So in my non-dogmatic perspective, what’s the deal with fasting?



Most of you are probably familiar with Dr. Jason Fung. Dr. Fung is one of my favorite people in the low carb health community. I love his salty language, razor-sharp wit, and pointed analogies. (I’ll link to some podcast interviews with him at the end of this post. As for the pointed analogies, listen for him talking about plane crashes and just needing “more lift and less gravity.” Classic!)

For those of you who live on Jupiter and have no idea who Dr. Fung is, he’s a nephrologist (kidney specialist) who regularly reverses obesity, type 2 diabetes, and kidney disease in his clinic. The humor, sarcasm, and snark in his blog posts puts mine to shame, and he manages to do so while being way more succinct than I am. (He should give lessons on how to do that...)

I respect Dr. Fung. I’m a huge fan. I loved his book and wrote a review of it here. In fact, we collaborated not long ago on a journal article that we’ll be submitting for peer review and publication. (Woohoo!) On his blog, in his YouTube videos, and in podcast interviews, he's written and talked about obesity, insulin resistance, hyperglycemia, and more. But what he is perhaps best known for is being a vocal proponent of fasting. Skipping a meal, skipping a whole day of meals, doing multi-day or even longer fasts: any and all permutations are okay, depending on what a patient’s goals are and what fits into their lifestyle. (He and Jimmy Moore are set to release a new book about fasting, and I can neither confirm nor deny that yours truly may have contributed some quotes…)

Dr. Fung has a multi-part blog series on the history and benefits of fasting as a religious, cultural, and health practice. He’s up to over 20 posts in the series, but he’s much more to the point than I am, and it’s well worth your time to read as your schedule permits. The first post is here, and each one ends (I think) with a link to the next one in the series. I am not at all doubting the success he’s had with patients. He is a doctor. I am not. As he says in interviews he’s done, when people ask him to address critics of his methods: he has supervised thousands of people through various permutations of fasting. People have generally only gotten better. Less medication. Lower insulin levels. Lower blood sugar. More energy. Greater fat loss. (And the critics? How many people have they supervised through fasting? How much proof do they have that fasting is dangerous? *Crickets.*)

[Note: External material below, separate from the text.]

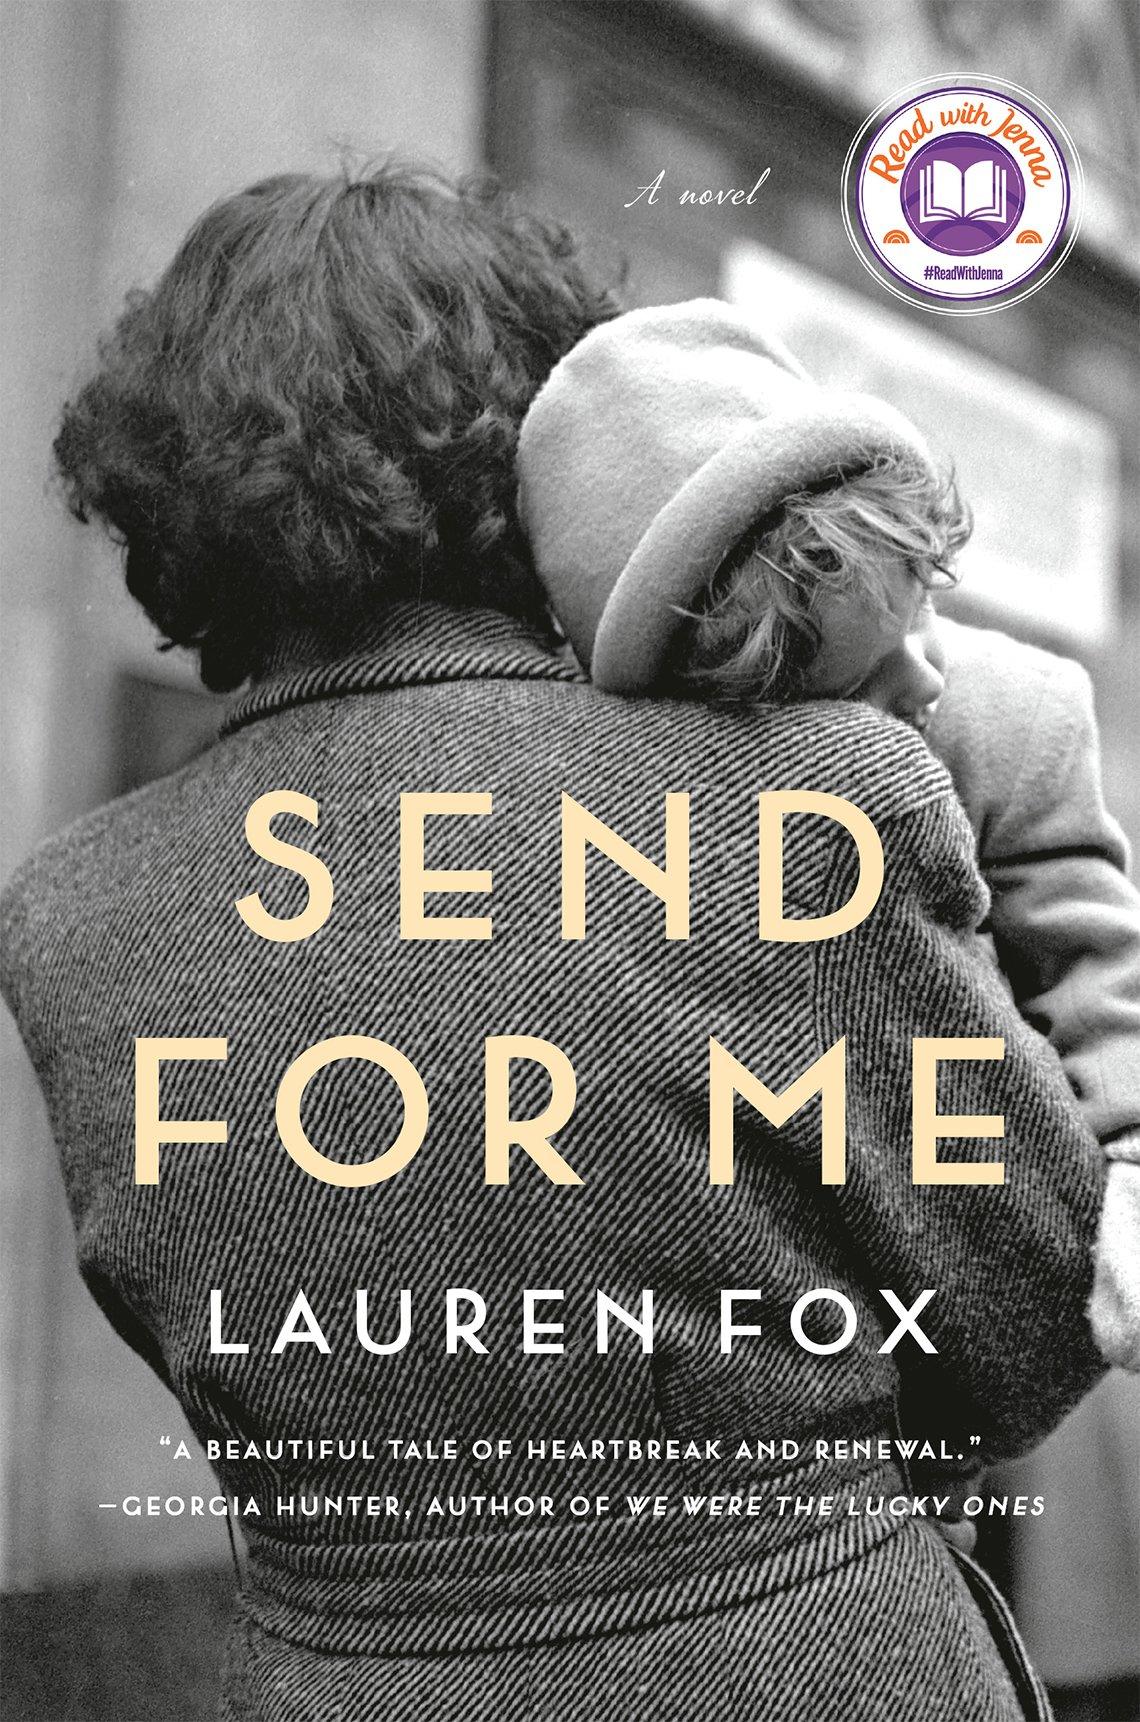 lauren fox send for me

Fasting has its place. I’m not going to write about the benefits of fasting. They are numerous, and if you want to know what they are, you can just check out the forthcoming book. And it should be obvious that, if I was quoted in a book about it, talking about it in a favorable way, then I do understand and respect these numerous benefits, and I think fasting can be incredibly therapeutic. (I talked about it in relation to neurological conditions toward the end of this podcast.) So I hope I’ve made it abundantly clear that I think Dr. Fung is awesome, and I think fasting can be awesome…

…when it’s applied intelligently and rationally, that is.

My fear is that many in the Paleo, low carb, and keto communities have sailed long past intelligence and rationality and have landed squarely in the twilight zone of insanity. Even worse, they are taking other people with them! People who should not fast!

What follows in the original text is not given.